晏兮僵硬地被他抱着,问出一个比当前气氛更尴尬的问题:“你就不问我,你为什么会叛出师门吗?”
“重要吗。”叶暝下巴搁在晏兮湿漉漉的发顶,“八成就是被你之前口中那个总欺辱我的师兄逼的吧,然后我杀了他,不然为什么到现在,我都没在宗门里找到你说的那个欺辱我的师兄?”
他声音有些懒散,“能横行霸道之人必然地位不凡,我至今没见到那人只能是因为那人死了。”
晏兮:。。。。。。
666,这脑补可以啊,居然帮我圆回来了。
晏兮正提心吊胆生怕这人乱摸,忽然感觉胸口被拧了一下。
艹啊!
“你干嘛?!”
“真奇怪啊。”叶暝垂眼看晏兮,幻视垂耳兔炸毛,“师兄你的脸看起来挺显小,居然要大我五岁,看起来小小一只,其实也没比我矮多少,是因为脸幼加上瘦的缘故吗?”
他凑近晏兮颈侧,鼻尖蹭到他皮肤,深吸了一口:“师兄,你身上好香。”
这变态般的行为让晏兮心中小兔疯狂比中指,勉强抽出一条胳膊猛推叶暝脑壳,“就算你说那么多,我也不会答应和你做!”
叶暝啧了声:“没意思。”
抱了一会儿,又不甘寂寞地开口:“师兄你有没有想过,以前你不知道登临极乐的感觉,也许是我们位置反了呢?”

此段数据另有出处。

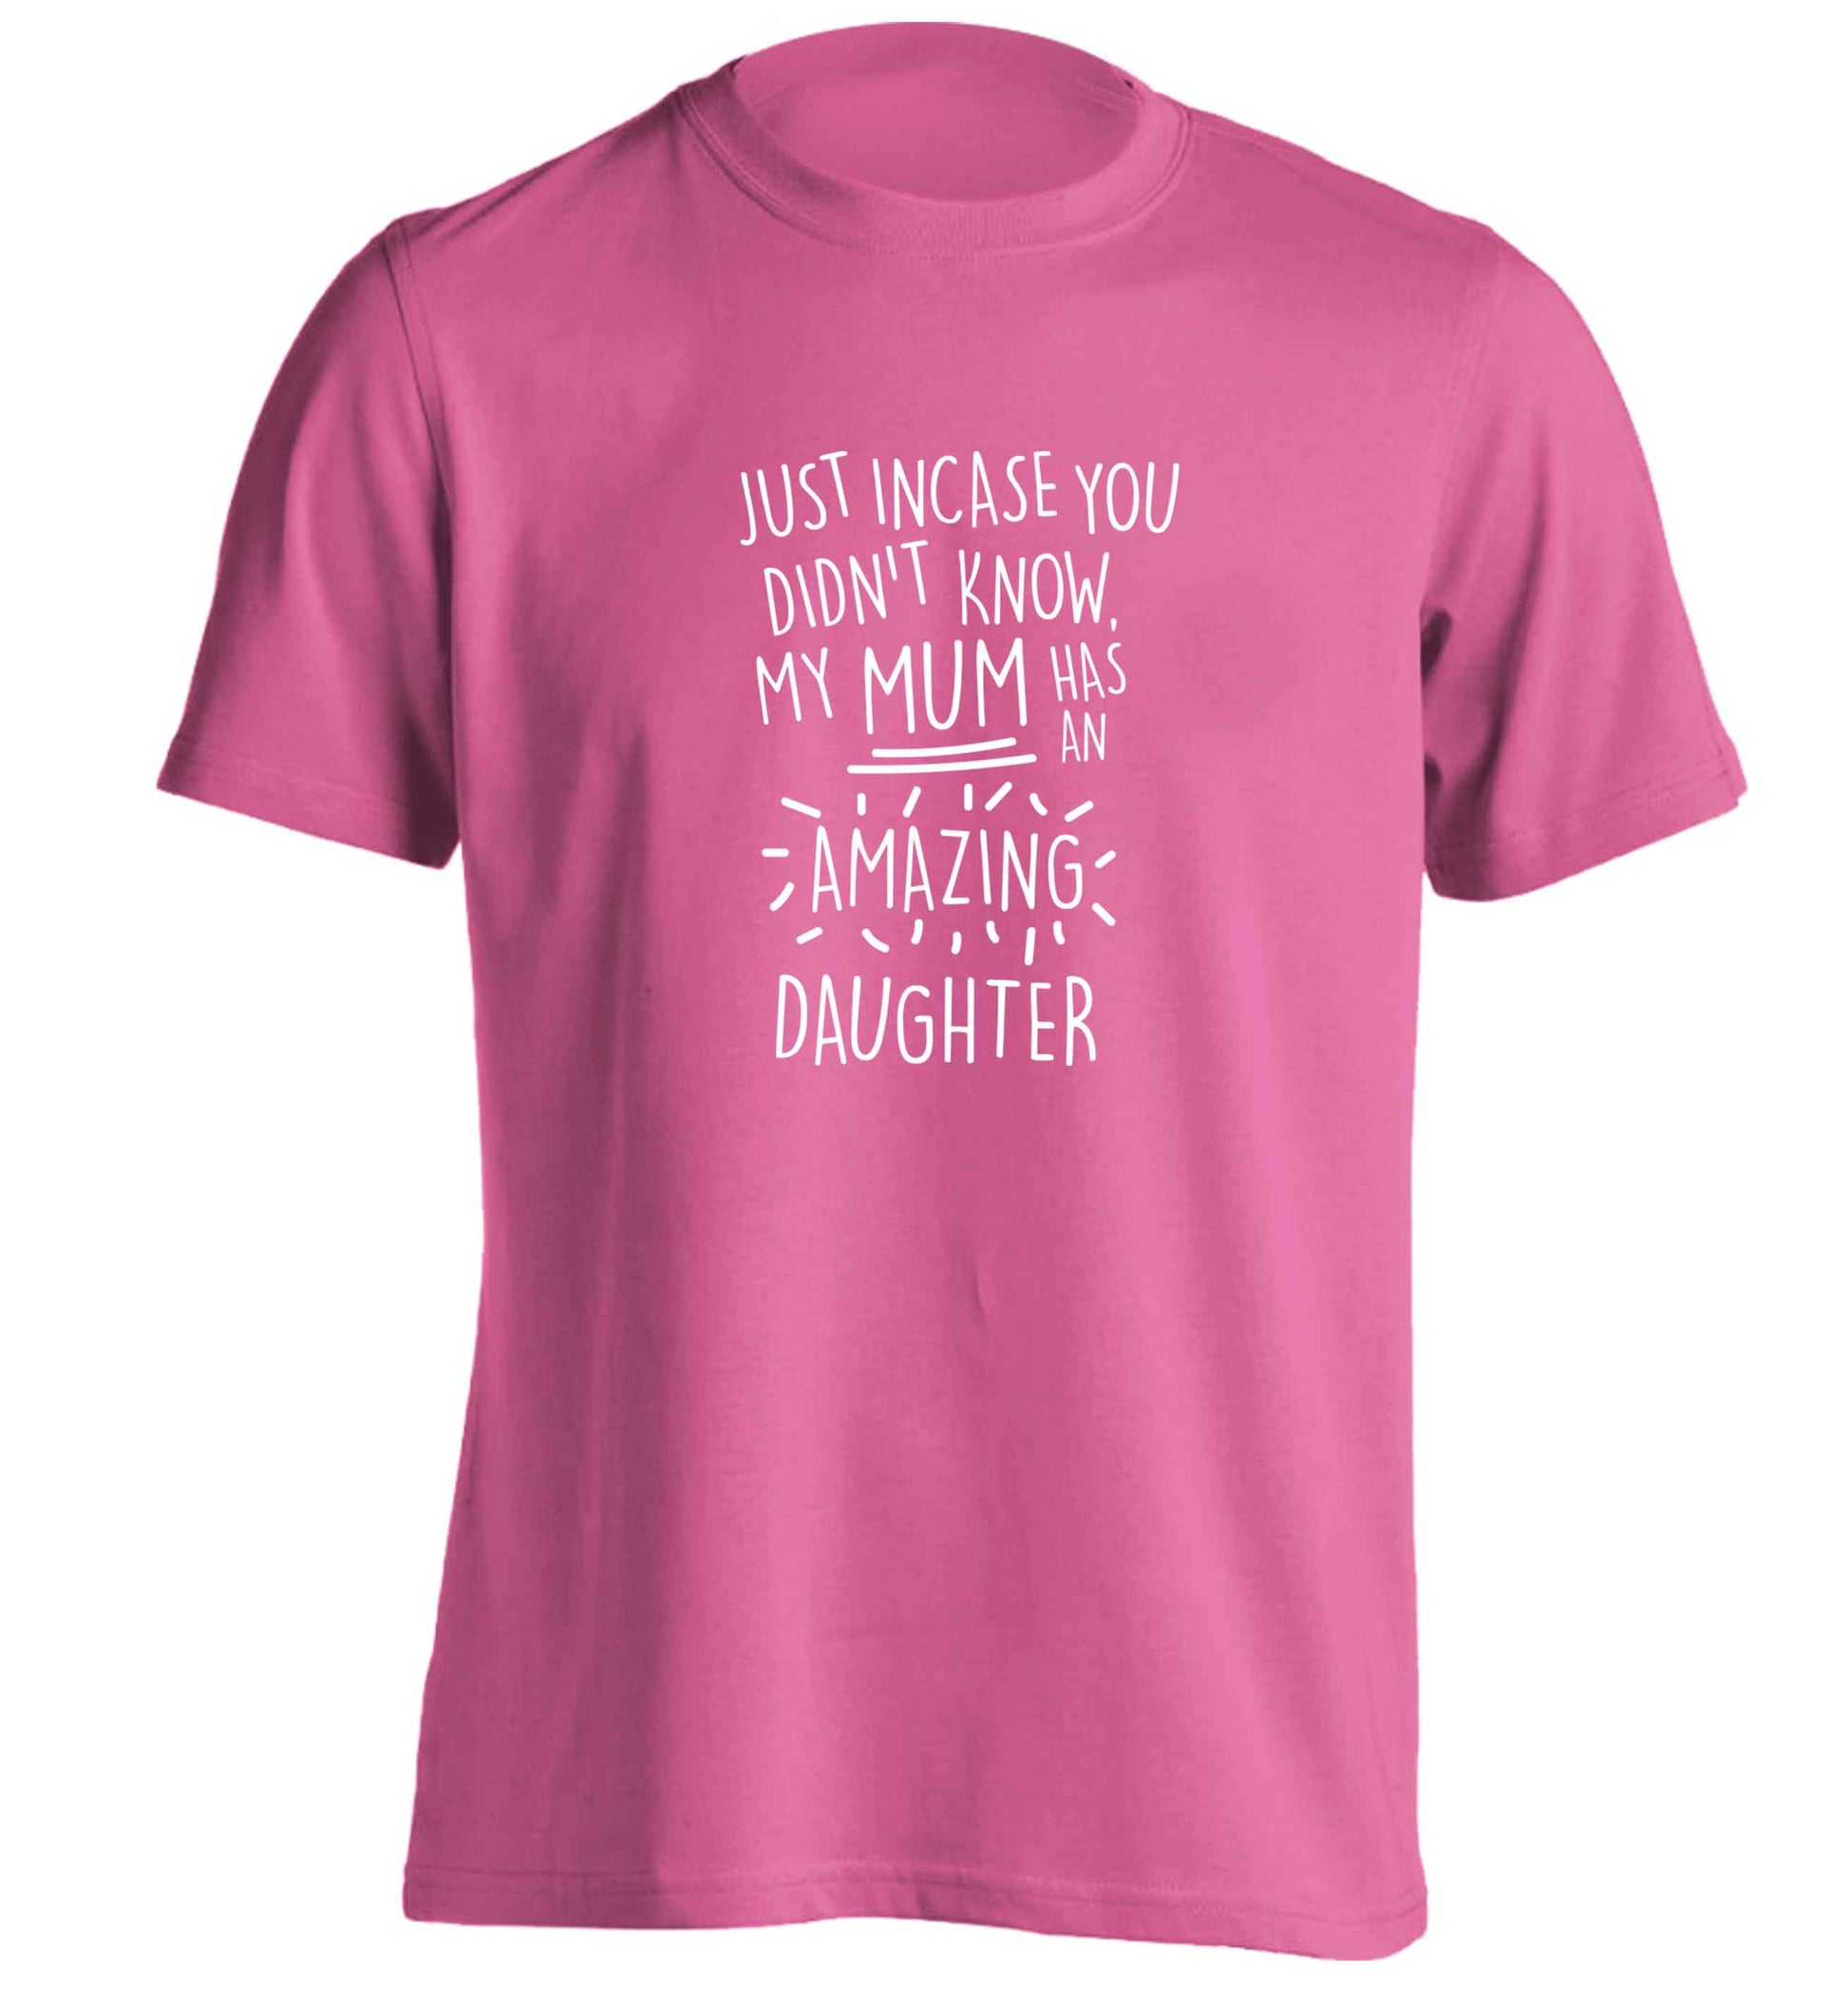 Just incase you didn't know my mum has an amazing daughter adults unisex pink Tshirt 2XL

他用蛊惑的语气问,“让我在上面试试?肯定会让你爽的。”
“想都别想!”晏兮坚守自己胡诌的人设,“当初我们结道侣的时候就说清楚了,位置绝对不能变。”
“我真答应过这种事?”
“是的。”
“可我现在不记得了。”
“那也得遵守。”
叶暝静默下来,周身散发出浓浓的怨念。
他心想以前的自己是白痴吗?
目光一寸寸流连在近在咫尺的晏兮身上。
水珠顺着白皙细腻的皮肤滑落,勾勒出流畅优美的肩颈线条和单薄漂亮的锁骨。氤氲的热气将青年的脸颊蒸得绯红,睫毛上挂着细小水珠,眼眸因气愤而显得格外湿润明亮。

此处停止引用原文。